Production use without adequate assessment of risks and mitigation; any use cases which may be considered irresponsible or harmful.

Bias, Risks, and Limitations

Nucleus-22B-token-500B is trained on English data only, and will not generalize appropriately to other languages. Furthermore, as it is trained on a large-scale corpora representative of the web, it will carry the stereotypes and biases commonly encountered online.

Recommendations

We recommend users of Nucleus-22B-token-500B to consider finetuning it for the specific set of tasks of interest, and for guardrails and appropriate precautions to be taken for any production use.

How to Get Started with the Mode

Training Details

Training Data

Nucleus-22B-token-500B was trained on 500B tokens of RefinedWeb, along with other corpora.

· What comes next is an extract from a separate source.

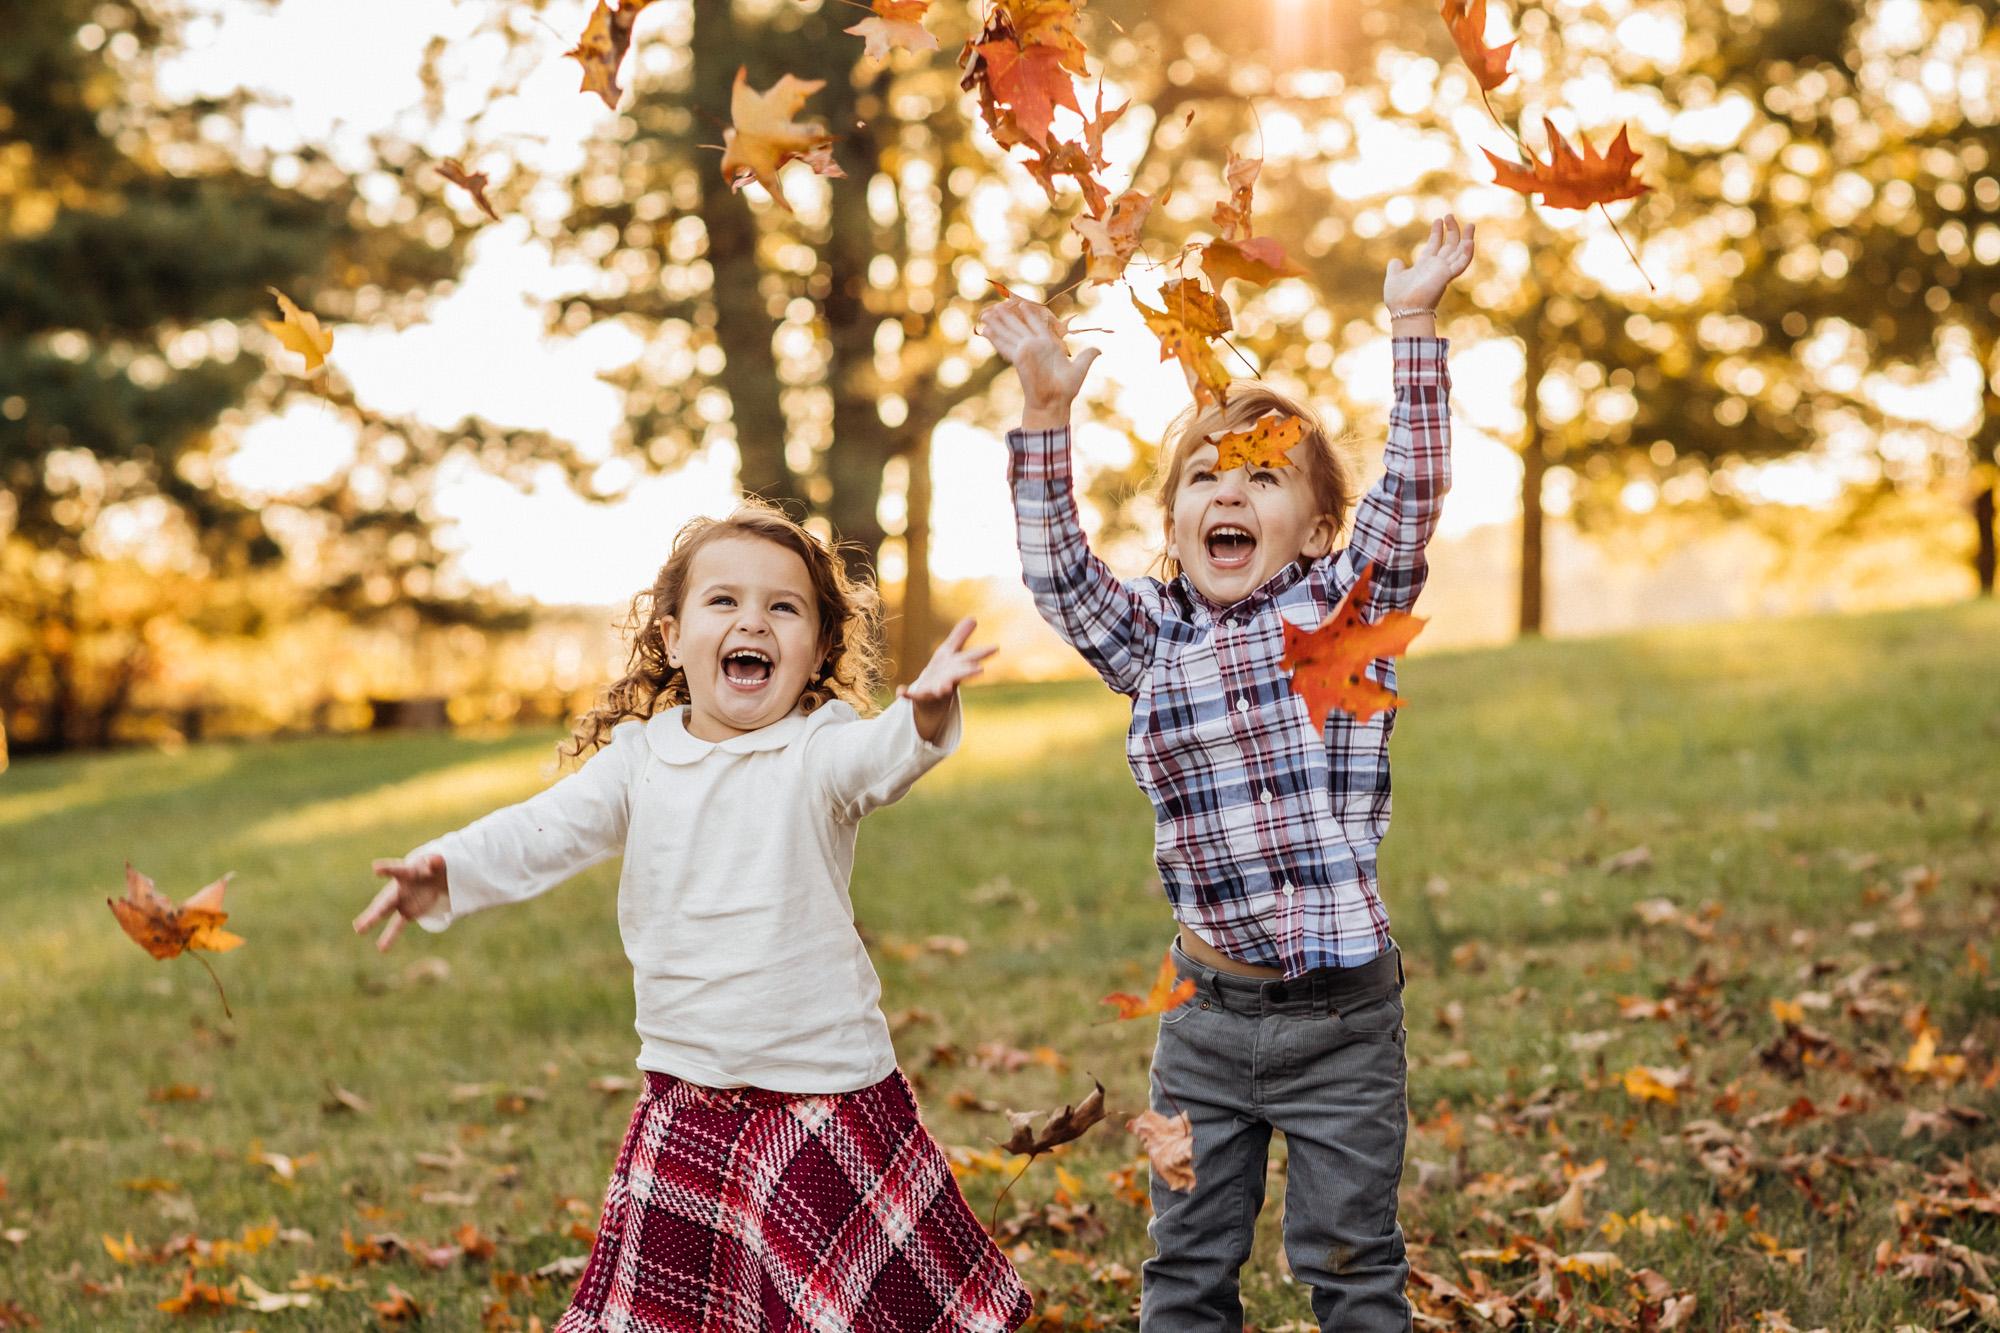 Kids Throwing leaves in the air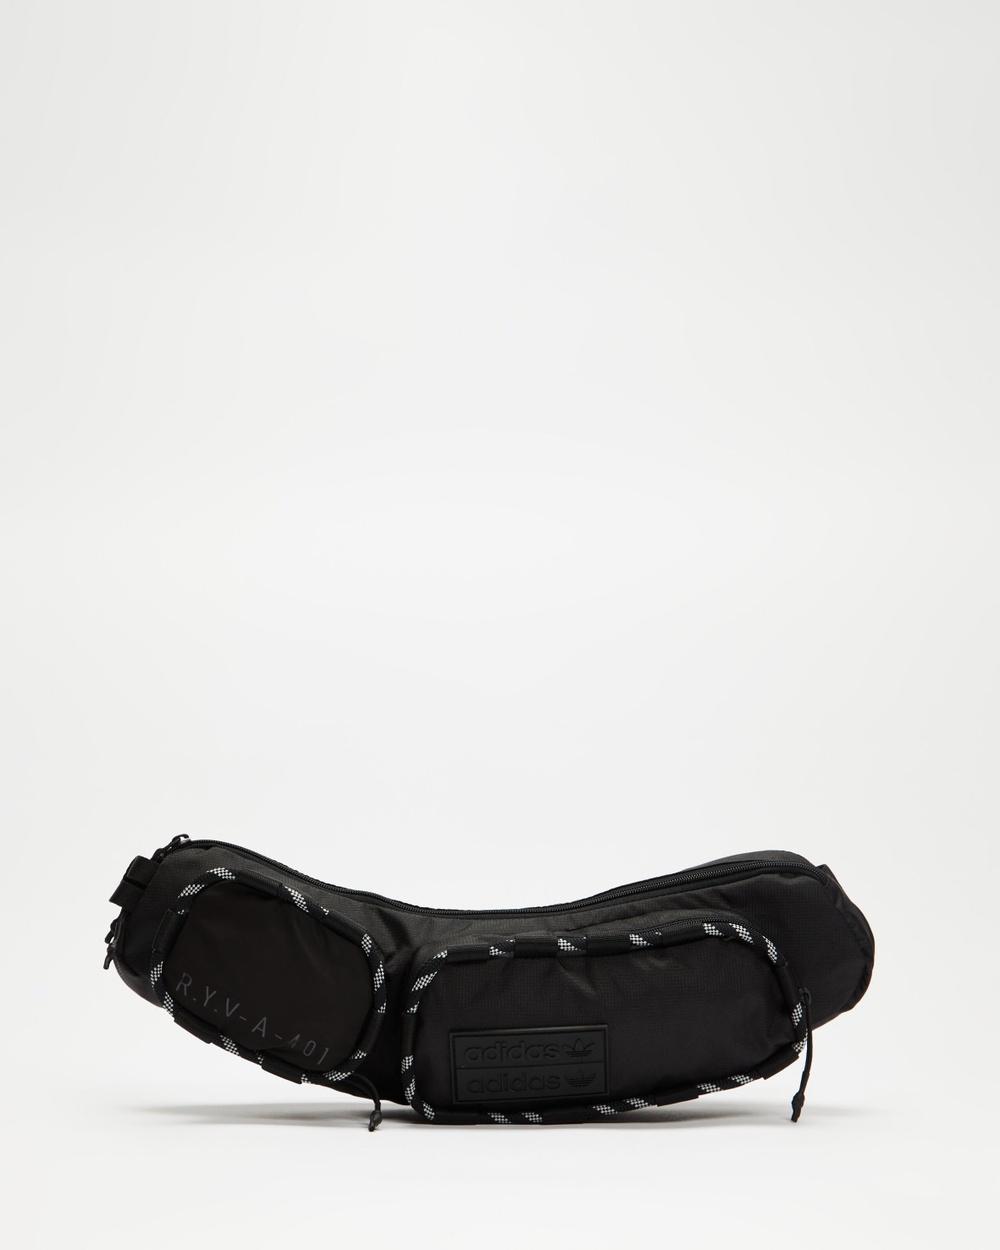 adidas Originals R.Y.V Sling Bag Bum Bags Black

Data source	Fraction	Tokens	Sources
RefinedWeb-English	75%	200B	massive web crawl
Books	7%	21B
Code	7%	21B	Big Code, CodeNet
Technical	6%	19B	arXiv
Math	5%	17B	Mathematica, Khan Academy

The data was tokenized with the tokenizer similar to Llama-7B.

Training Procedure

Nucleus-22B-token-500B was trained on 256 A100 80GB GPUs, using a FSDP

Training Hyperparameters

Hyperparameter	Value	Comment
Precision	`bfloat16`
Optimizer	AdamW
Learning rate	2e-4	8B tokens warm-up, cosine decay to 1.e-5
Weight decay	1e-1
Batch size	2048	constant
Context length	2048	constant

Speeds, Sizes, Times

Training happened in early August 2023 and took about two weeks.